As to what are emergency contraceptives: a Google search of the UNC-CH web site yielded this link to a Princeton web page, which defined them as “methods of preventing pregnancy after unprotected sexual intercourse. They do not protect against sexually transmitted infections. Emergency contraception can be used when a condom breaks, after a sexual assault, or any time unprotected sexual intercourse occurs.” (Emphasis added.)
As the Princeton link explains, there are two kinds of emergency contraceptives: the copper-T intrauterine device (IUD), which carries a slight risk of pelvic infection and infertility, and the “morning-after pills,” which often have the side effects of nausea and vomiting.

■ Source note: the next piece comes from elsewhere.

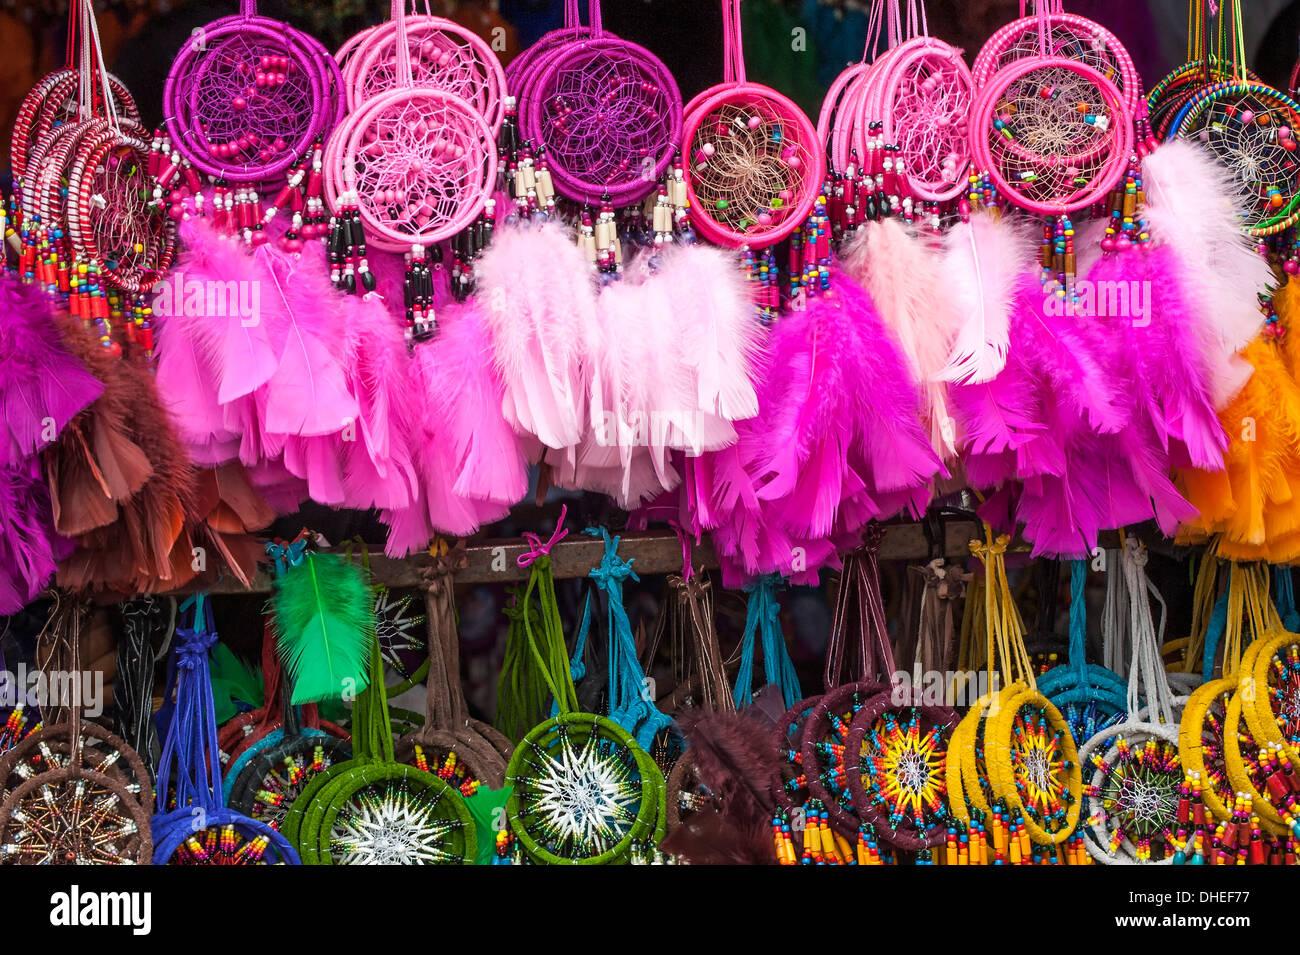 Otavalo market, souvenir shop, Imbabura Province, Ecuador - Stock Image

In other words, the EC Week people are advocating taking chances on sexually transmitted diseases, pregnancy, infection, infertility, and nausea and vomiting. This is “healthy, safe sex behaviors” only in that without the condoms, the binge-drinkers being encouraged toward “sex behaviors” would be at greater risk for sexually transmitted diseases and pregnancy. By the same token, buckling a boozer’s seatbelt can be called “healthy, safe running-your-car-into-a-tree behavior.” It might cut the risk, but only after winking at the much riskier behavior.
Who’s behind this idea? Or, as a colleague asked, what do condoms have to do with emergency contraceptives? Along with Choice USA, the sponsors are Planned Parenthood and the National Abortion and Reproductive Rights Action League — abortion advocates. Seeing it difficult to find a responsible approach behind the idea, one cannot help wondering if rather less charitable motives are in play. Such as: Are they perhaps seeking new constituents by encouraging drunken college students to have a “safe” tumble in the sack? Or are they counting on the inebriates’ fumbling with condoms to cause them later (and out of necessity) to “become aware” of emergency contraceptives?
It would be tragic if they would also have to “become aware” of living with a sexually transmitted disease. It’s highly unlikely they would follow Westheimer’s advice on how to be protected against AIDS: “in addition to using condoms, both partners should be tested for the virus first, and after you’ve been given the all clear, you have to be able to trust one another not to cheat and have sex outside of the relationship.”
Maybe what EC Week advocates really ought to do on Franklin Street outside the bars is give AIDS testing to unsuspecting bar patrons while explaining their risks. The risks of this activity? It might sober the sloshes up, it might give the EC Week sponsors reputations as killjoys, and it might result in fewer “patrons” for their “services” later on. In other words, it might be a much more responsible approach.